The Monument to Giacomo Matteotti is an abstract sculpture, meant to memorialize this anti-fascist politician, murdered on 10 June 1924 as he walked near this spot on Lungotevere Arnaldo da Brescia, near the Ponte Pietro Nenni, in Rome, Italy.

==History and description==
Giacomo Matteotti (born 1885) was a deputy in the parliament, a prominent member of the Unitary Socialist party, elected in Rovigo. On 30 May 1924, he rose to criticize the violence occurring recent elections, the antidemocratic legislation (Acerbo law) which assigned two-thirds of the parliamentary seats to the party with the most votes (Mussolini's party was the largest party with 35% of the vote); during next days on English press he joined to critics against fascist officials supposed to have received bribes from Sinclair Oil company. He knew his speech could incite violence against his person. While he was walking towards the parliament, on 10 June 1924, he was waylaid by five men and sequestered into a Lancia Lambda and stabbed several times. Among the five was a prominent member of the Fascist secret police. It has never been clear whether or not prominent fascist leaders, such a Mussolini or his circle, approved or ordered the murder.

The monument is situated beside the Lungotevere, on a small semicircular green plot, built as a terrace above a series of stairs leading to the Tiber riverbank. It was inaugurated in 1974, fifty years after his murder. The sculptor is Jorio Vivarelli (1922-2008): the bronze memorial has two parts: one a tall slender spire, resembling an unopened flower, or pistol, or lance-leaf shape, or a flame Along the ground is a tangle of organic forms, compared to roots or a bramble or a knot of bones. Towards the street is a plaque with the above noted phrase from his last speech.

The sculpture was funded by a private fund-raising effort by the socialist party. The sculptor putatively entitled the monument as The idea, the death, inspired by the famous phrase attributed to Matteotti.

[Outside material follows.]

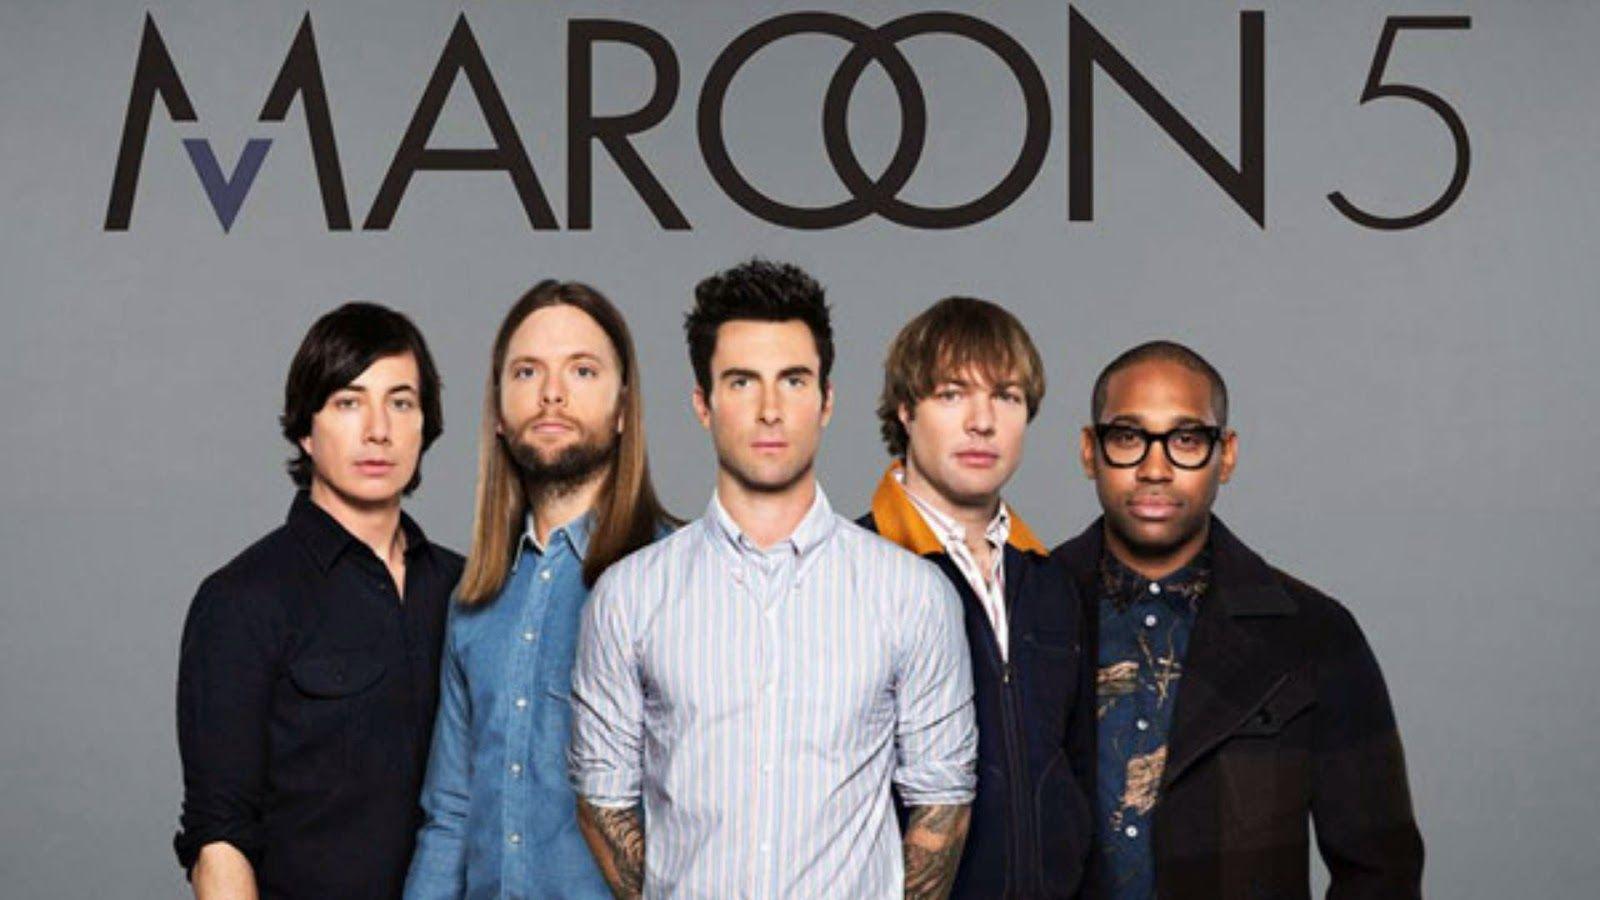 Maroon 5 Sugar Photo Galery -o- Wallpaper Picture Photo
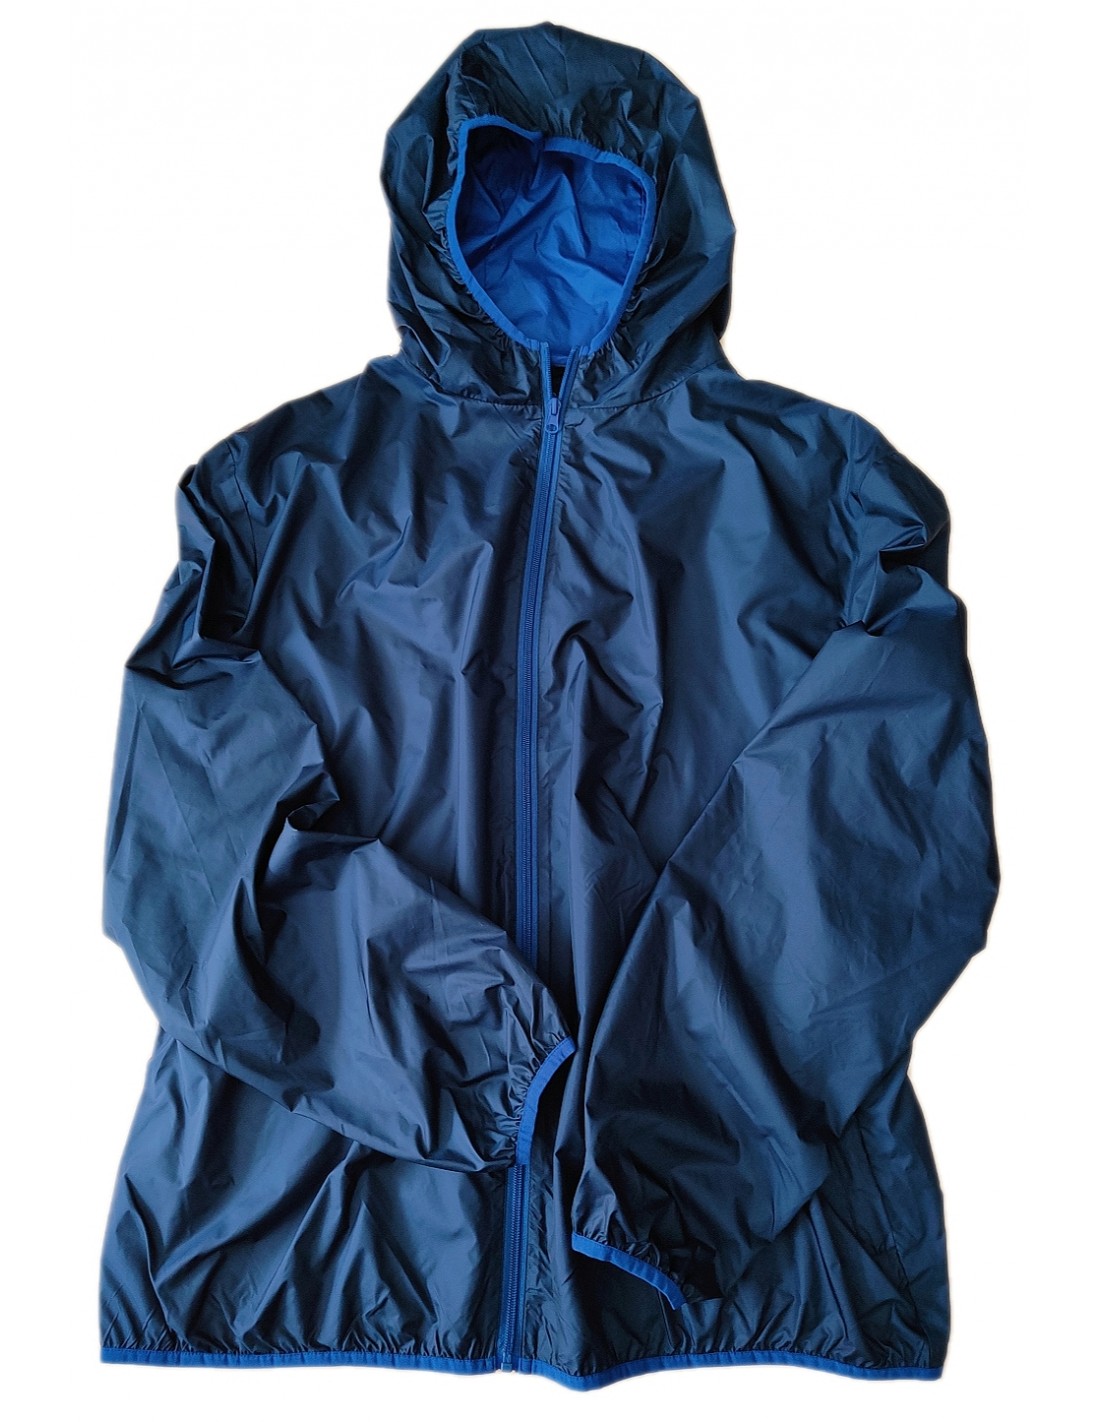 Kway giacca impermeabile uomo taglie forti Maxfort art. e2080 blu

In a letter to the Giacomo Matteotti Foundation, the sculptor indicated the horizontal element ... through the exasperation of form and matter, wants to signify maceration and physical destruction, understood in a universal sense, in a tragic moment in history. The vertical element signifies the ideal ascending towards space, through a sprouting, pure, lyrical form, a symbol of clarity and hope. Vivarelli himself, as a former Italian soldier, had been imprisoned and deported north by the Nazi forces in 1943.

==Plaques==
In January 2017, the original plaque in memory of Giacomo Matteotti - which includes the line "Although you can kill me, the idea within me can never be killed" - was smashed; same desecration happened in July 2025.